As I sit and write today, I’m wrapped in a blanket looking out onto a drizzly, gray day. A perfect day for soup. This kind of weather is perfect for warm comfort food, like soup or chicken pot pie. When I ran across a recipe for Chicken Pot Pie Soup on one of my favorite blogs, Chef in Training, I knew I had to try it.
While soup typically is thought of as less than healthy because of its sodium content, the benefit of cooking from home is that you control the ingredients. Therefore you control how healthy you make it. I always want to feed my family nutritiously and most days it’s easy to do with delicious meals. And for that reason the occasional splurge isn’t a problem. Fortunately this soup doesn’t need to be enjoyed just occasionally. It’s both nutritious and delicious.
It’s also fast and easy, win number three in my book.
Before I started anything I turned on the oven to preheat to bake up my pie crust croutons. Of course, these are optional, but they really do take this from a good chicken soup to a delicious pot pie-ish bowl of yum. I used a store bought crust for the sake of time, but you could easily use your own. I rolled the crust out and used my handy dandy pastry wheel to cut it into roughly 1-inch pieces. They browned up nicely in the oven and tasted delicious with a spoon full of soup.
- 1/2 single crust pie crust, homemade or store bought
- 2 tablespoons butter
- 2 tablespoons olive oil
- ½ cup onion, finely chopped
- 1 cup carrots, sliced into bite size pieces
- ⅓ cup flour
- 5 teaspoons reduced sodium Better than Boullion*, dissolved into 5 cups of water (I heat water and whisk Better than Boullion in until dissolved)

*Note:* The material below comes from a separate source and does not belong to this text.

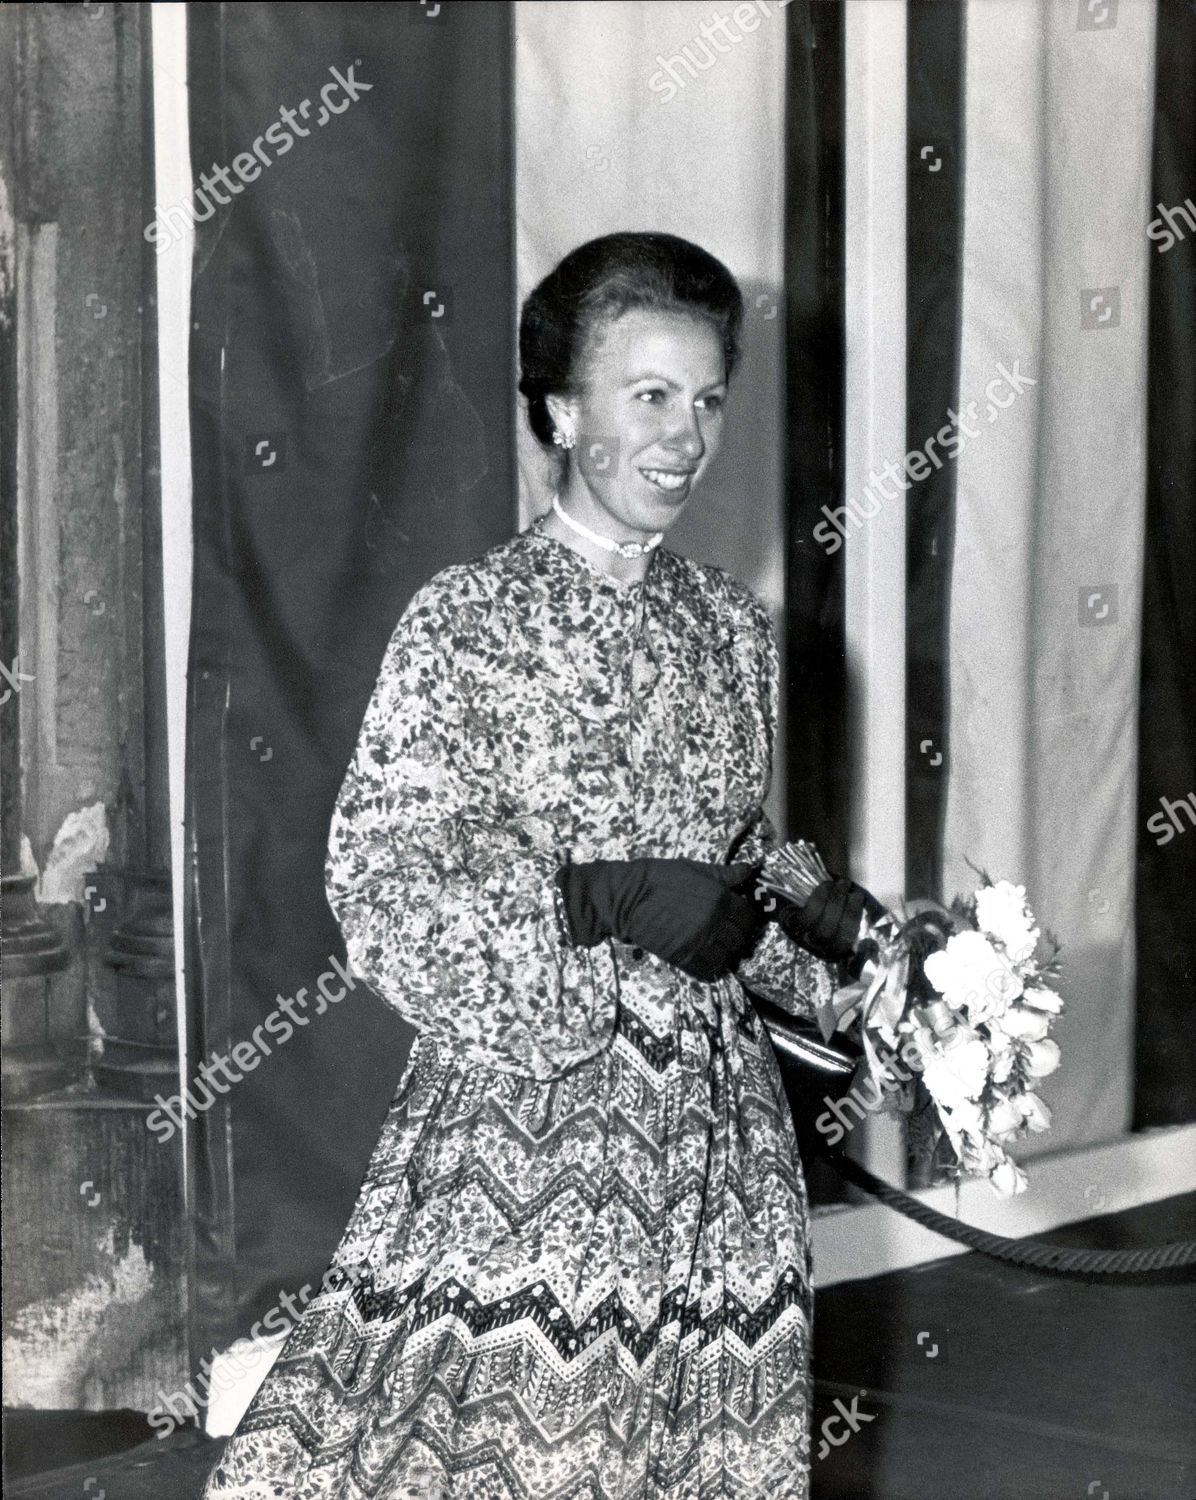 princess-anne-the-princess-royal-at-the-guildhall-london-to-attend-clothing-ceremony-of-the-carmens-company-of-which-she-will-become-an-honorary-liveryman-5th-october-1982-princess-anne-leaving-the-guidehall-today-shutterstock-editorial-1030433a.jpg

- ½ teaspooons poultry seasoning
- 1 teaspoon salt
- 2 cups shredded or chopped chicken, from rotisserie chicken or leftover
- Cut Pie crust into bite size pieces. Spread on a cookie sheet lined with foil and bake according to directions until pieces are golden brown in color. Remove from oven and let cool.
- In a large pan heat butter and olive oil until butter melts. Add add onion and carrots. Cook on medium for about 10 minutes, until they soften and begin to brown. Add the flour. Cook for another minute and then add water. Stir until smooth. Add poultry seasoning, salt, and chicken. Bring to a boil. Serve and garnish with pie crust pieces.